Saturday Morning Cartoon: The Best of the Annecy Film Festival to Watch at Home

By  · Published on June 14th, 2014

Frenesy Film Company

The Annecy International Animated Film Festival is the most significant event of its kind on the calendar, and it wraps up this weekend. Founded in 1960, this thrilling gathering of artists at the foot of the French Alps has premiered films from the likes of Jan Švankmajer, Hayao Miyazaki, Wes Anderson and Bill Plympton. Every year the competition line-up is filled with bizarre, unique and immensely intriguing work from all over the world, but so few of these films find their way to cinemas in the United States, where independent animation on the big screen is something of a rarity.

Fortunately, Annecy is lending the world a bit of a hand this time around. They’re hosting three of their repertory programs online, as well as the entire competition of commissioned works. The festival ends tomorrow but the videos will be available until June 30th (and many of them will probably be kept online indefinitely by the providers).

In total, the online festival includes over 50 films. It’s a bit overwhelming, actually. There’s so much creativity represented, a wide range of international shorts both new and old. The repertory programs include an homage to Norman McLaren and a retrospective glimpse at some of the best Estonian stop-motion films of the last 30 years. The commissioned works section, meanwhile, is characteristically all over the place. There are brief 30-second television ads, music videos, educational programs and public service announcements.

I’ve watched them all. Here are five of my favorites:

Black Gold, by PES

A new PES film is always worth getting excited about, whether branded or not. The stop motion animator, nominated for an Oscar for his unique take on guacamole, has teamed up with Italian fashion retailer Yoox to promote a new line of insect jewelry from Delfina Delettrez.

PES turns the cold, stylish iconography of a golden female mannequin into an overgrown, fecund landscape populated by expertly crafted bugs. It’s has something of a scary sensuality, far cry from the raunchy fun of Roof Sex (on YouTube). Whether it works to sell accessories remains to be seen, but it certainly sticks in your head.

Body Memory, by Ülo Pikkov

Built from the notion that our bodies retain the memories of those who came before, this short is an evocation of the deportation of Estonians within the Soviet Union in the 1940s. Yet the horrific specter of a windowless train has much broader implications.

The entire film is an articulation of this single image, one of the defining metaphors of the 20th century. People of yarn are cramped into a single wooden car and jostled about by an unseen force determined to unravel them all. Immensely evocative, it strikes a chord deep within our collective unconscious.

Instant T, by Perrine Faillet

VHS is dead, long live VHS. The conceit of this music video, essentially, is that a room full of old VHS tapes looks awesome if you animate them into crazy shapes and patterns.

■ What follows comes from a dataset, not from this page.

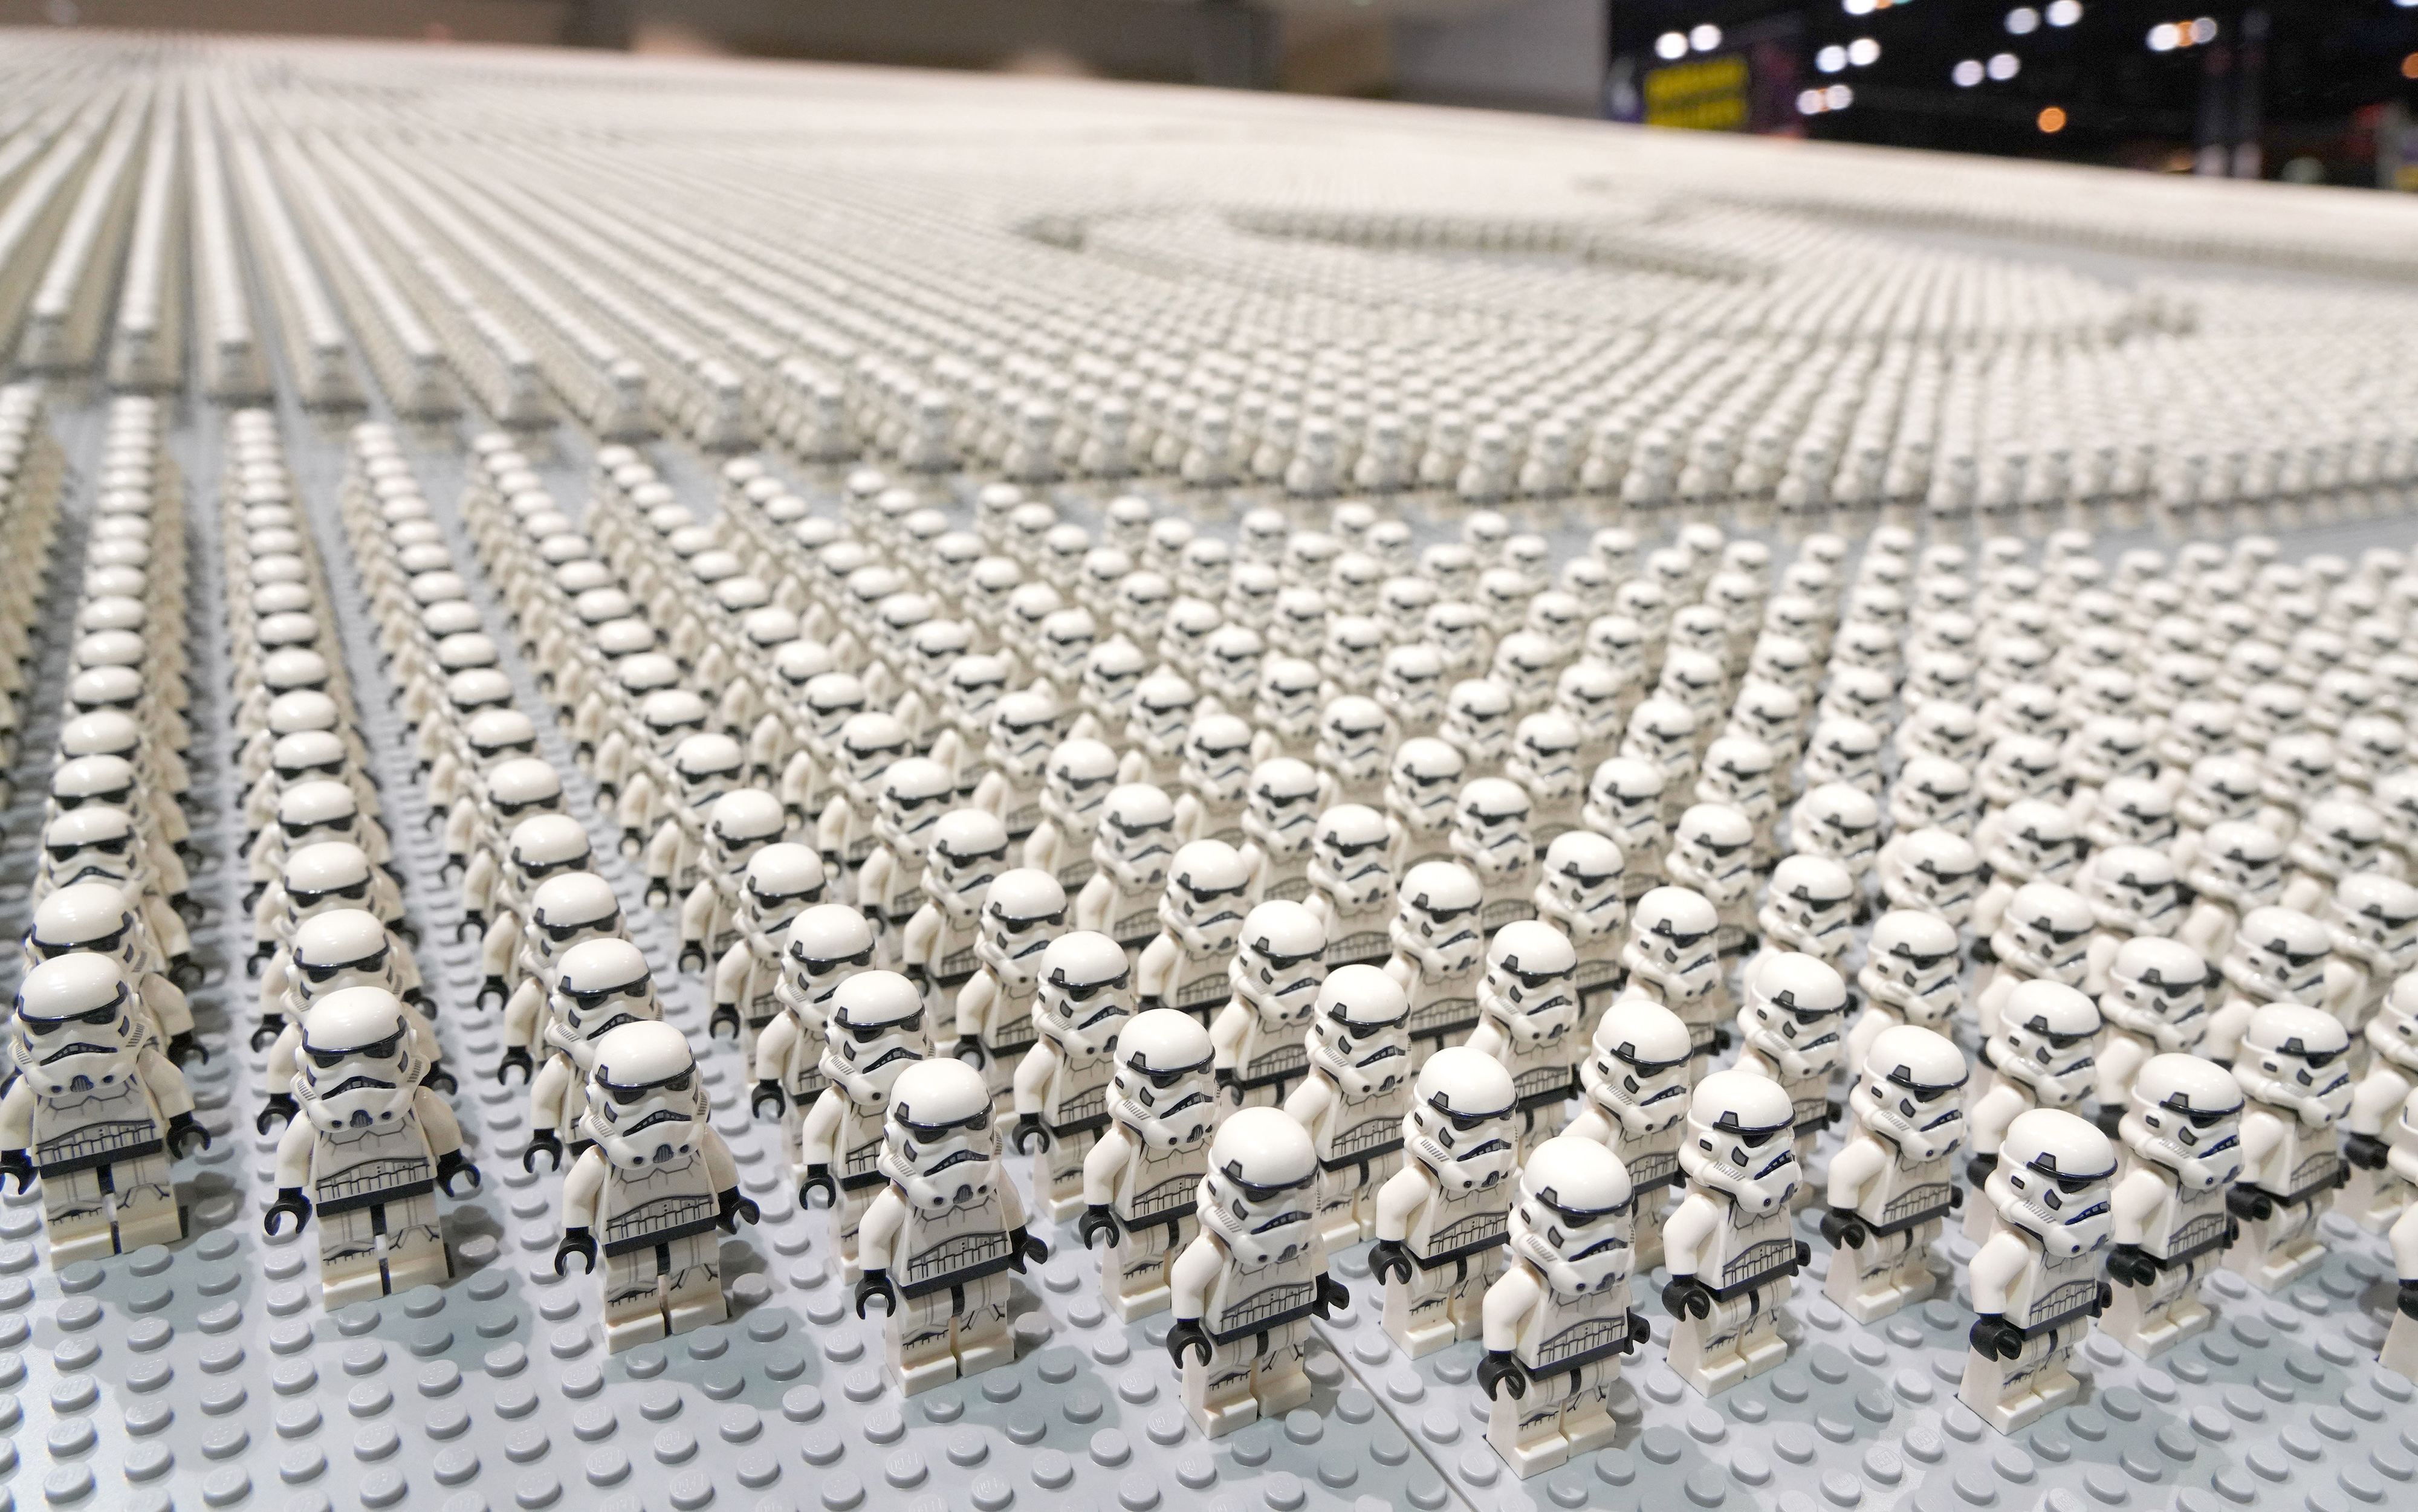 rolle Metropolitan Landbrug Lego Sets World Record at Star Wars Celebration with Stormtrooper Display -  AllEars.Net

It’s captivating, tapping into the ability of really good stop motion to overwhelm your brain with the sheer impossibility of its images. It’d work quite nicely in a collection of films by and dedicated to Norman McLaren, though it instead can be found in the official competition of commissioned films.

Notes on a Triangle, by René Jodoin

The most hypnotic of the splendidly spellbinding program of films assembled by the National Film Board of Canada to celebrate McLaren’s legacy, Jodoin’s Notes on a Triangle is exactly what you’d expect from the title. An endless variety of colored triangles morphing into other colored triangles. They break apart and merge together again, sometimes symmetrically and sometimes not, but always with a peculiar flair. And, following the three-pointed theme of the images, Jodoin accompanies these dancing triangles with an enchanting waltz.

Supermoine Holypop, by BAKERS

This is an ad for organic French soda. It looks like an ad for some sort of bizarre Game of Thrones spinoff videogame. The benefit of this, presumably, is convince French Game of Thrones fans (of which there are a great many) to drink organic soda. Sounds like a foolproof plan to me.